What Didn't Help Much

Reference implementations (C++/Rust): These were not consulted during debugging. The spec + real data was sufficient. Reference code could help for complex algorithms, but most bugs were simple bit manipulation or offset errors that hex dumps revealed directly.


Key Takeaways

  1. A real test file is essential: Without actual data, specification ambiguities are unresolvable. The sample PST file was more valuable than any reference implementation.

  2. Hex dumps reveal truth: When parsing fails, dump the raw bytes and compare against the spec. Most bugs become obvious when you see 0x40 in the data but your code computes 0x20.

  3. Bit fields are tricky: Always document the exact bit layout. A 1-bit shift error or wrong mask causes cascading failures.

  4. Specification wording matters: "EntrySize" vs "full entry size" - read the actual description, not just field names.

  5. Structural relationships vary: Parent-child, sibling-by-index, embedded subnodes - PST uses all of them. Don't assume.

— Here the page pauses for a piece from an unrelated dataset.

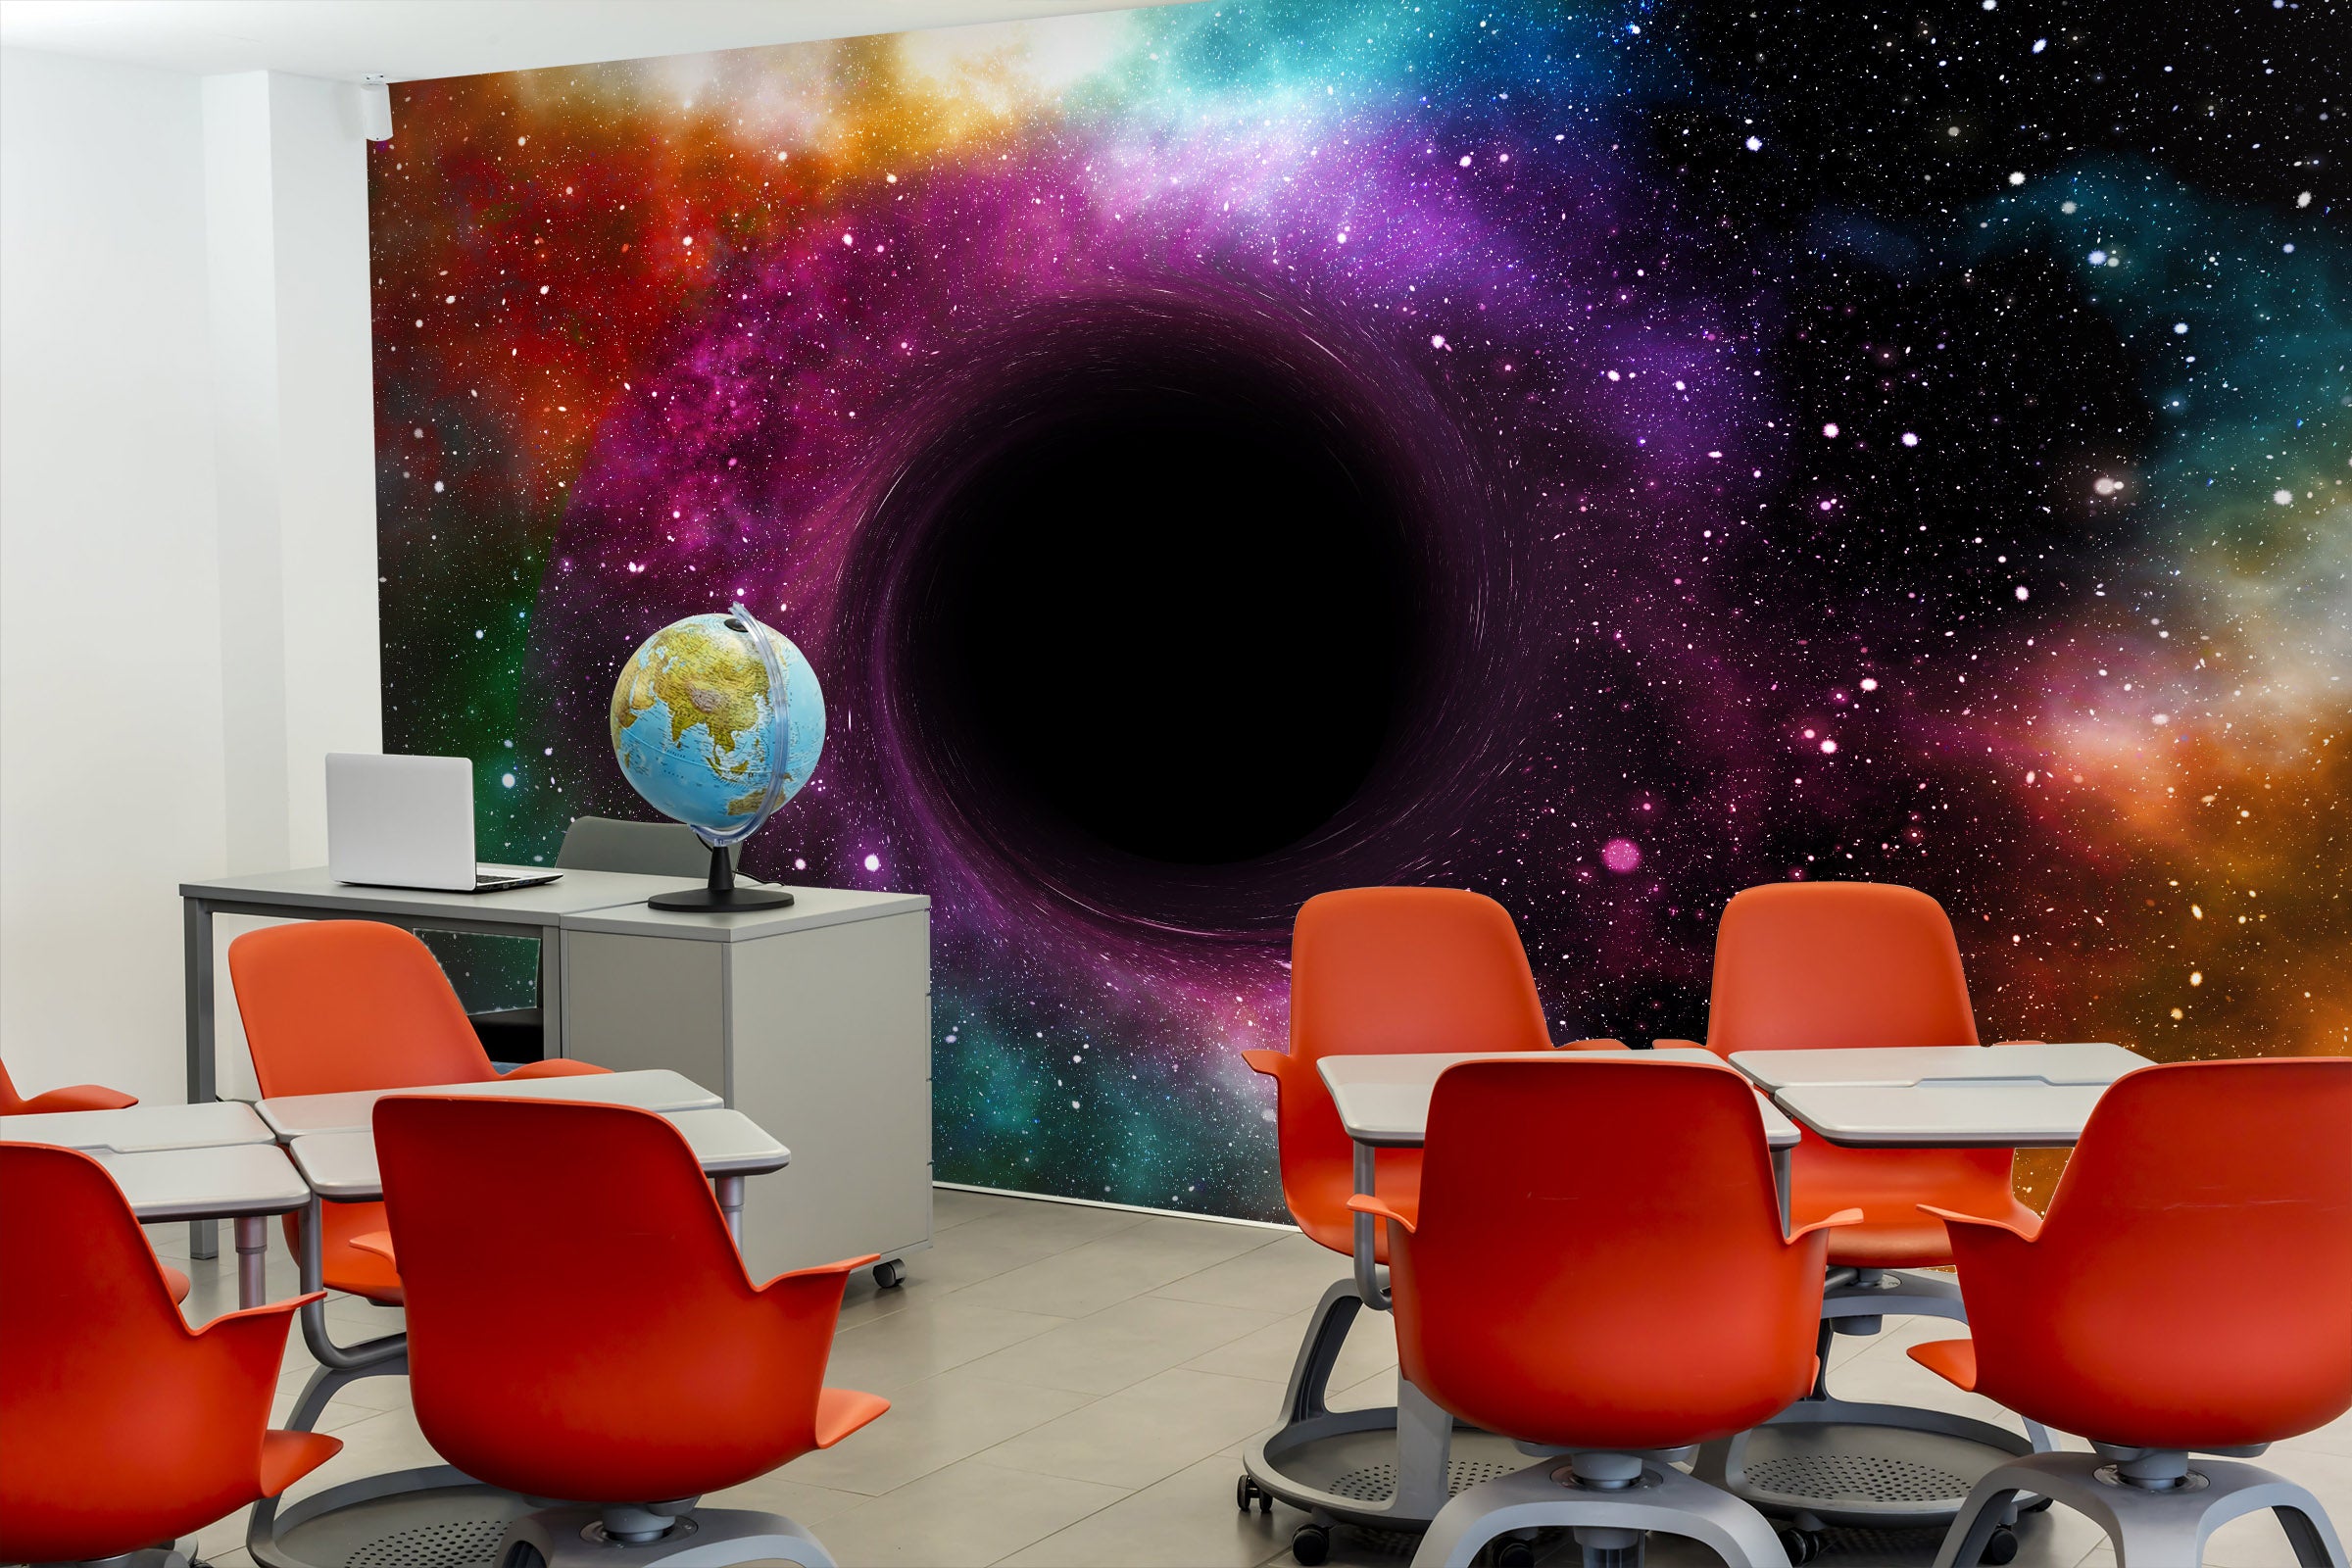 3D Wormhole Stars 137 Wall Murals
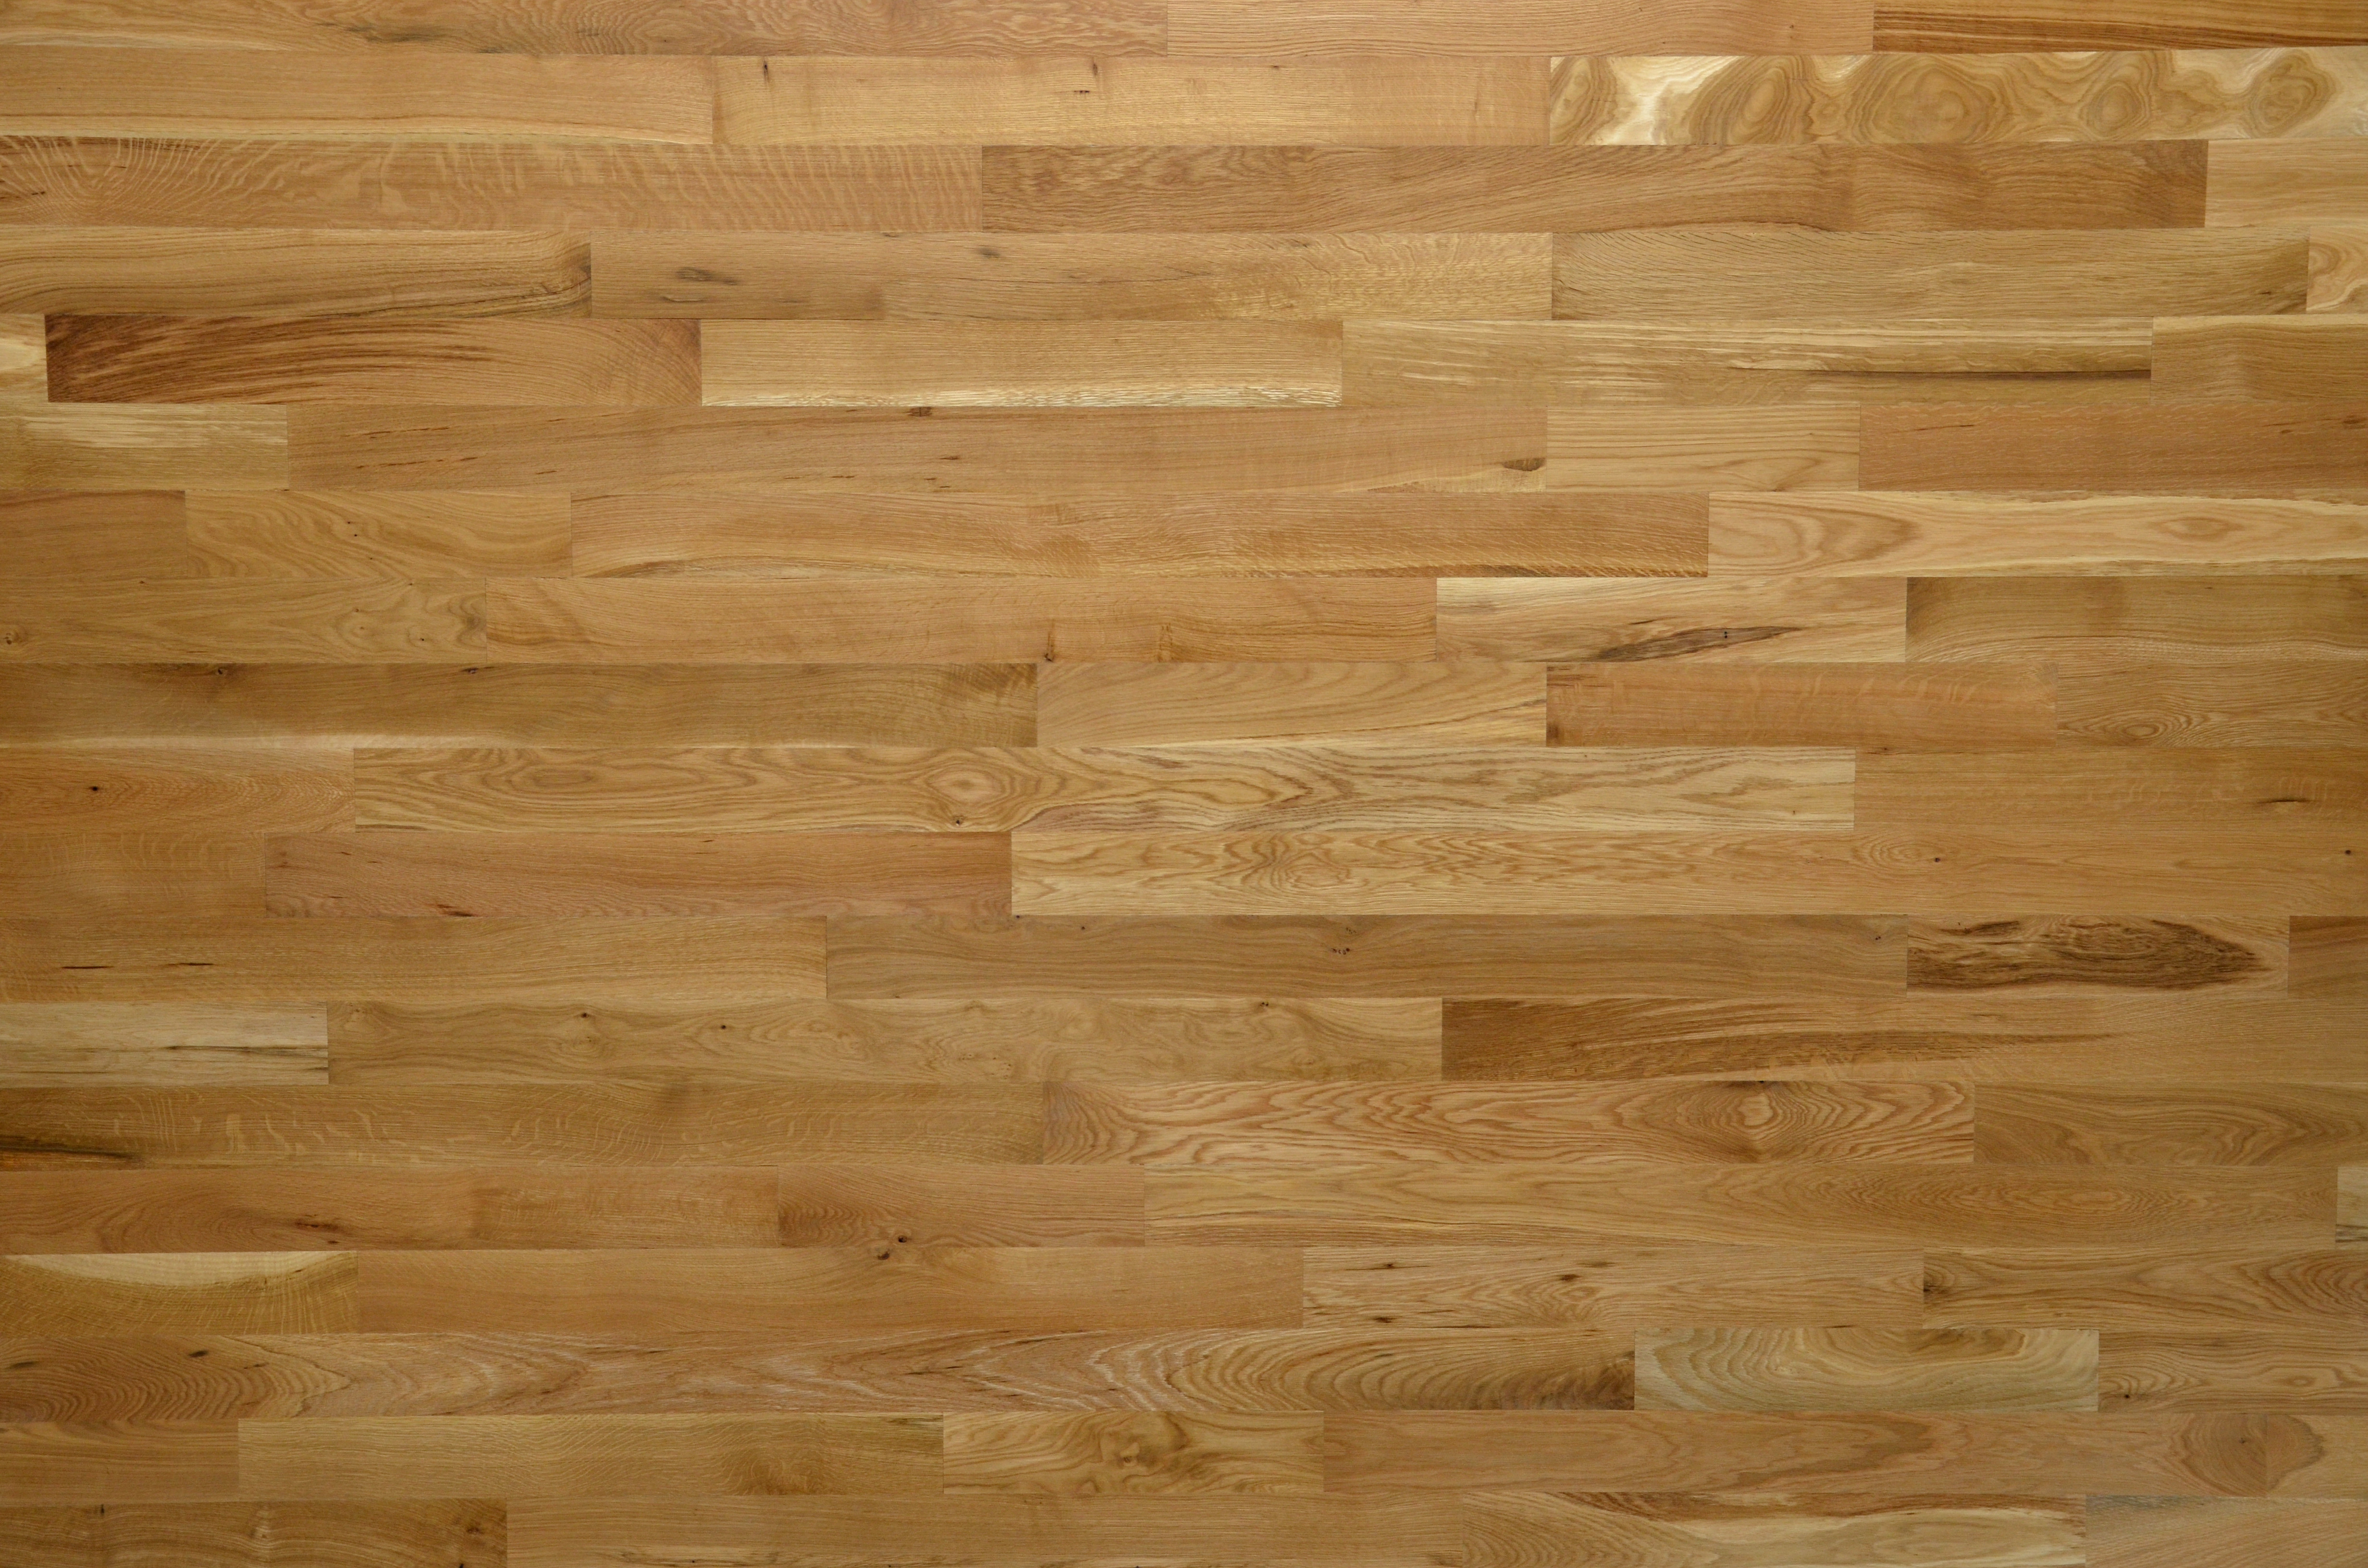 installing 3 4 inch hardwood flooring of lacrosse hardwood flooring walnut white oak red oak hickory regarding 1 common white oak

  6. B-tree semantics differ: Min-key vs max-key partitioning changes the search algorithm. Verify against actual tree structure.

  7. Test incrementally: When the top layer fails, the bug is usually 2-3 layers down. Test each layer independently.

  8. Debug scripts are disposable: Write quick scripts in /tmp to probe specific structures. Delete them when done.


References

Primary (Used Extensively)

  • [MS-PST]: Office File Formats - PST File Format https://docs.microsoft.com/en-us/openspecs/office_file_formats/ms-pst/

The authoritative specification. Every bug fix required reading relevant sections.

  • [MS-OXCDATA]: Data Structures https://docs.microsoft.com/en-us/openspecs/exchange_server_protocols/ms-oxcdata/

  • [MS-OXPROPS]: Exchange Server Protocols Master Property List https://docs.microsoft.com/en-us/openspecs/exchange_server_protocols/ms-oxprops/

Secondary (Available for Reference)

  • libpff: Library to access the Personal Folder File (PFF) format https://github.com/libyal/libpff

  • pst-sdk (Rust): PST parsing library https://github.com/nicokosi/pst-sdk

These can help with complex algorithms but weren't needed for the bugs documented here. The spec + test file was sufficient.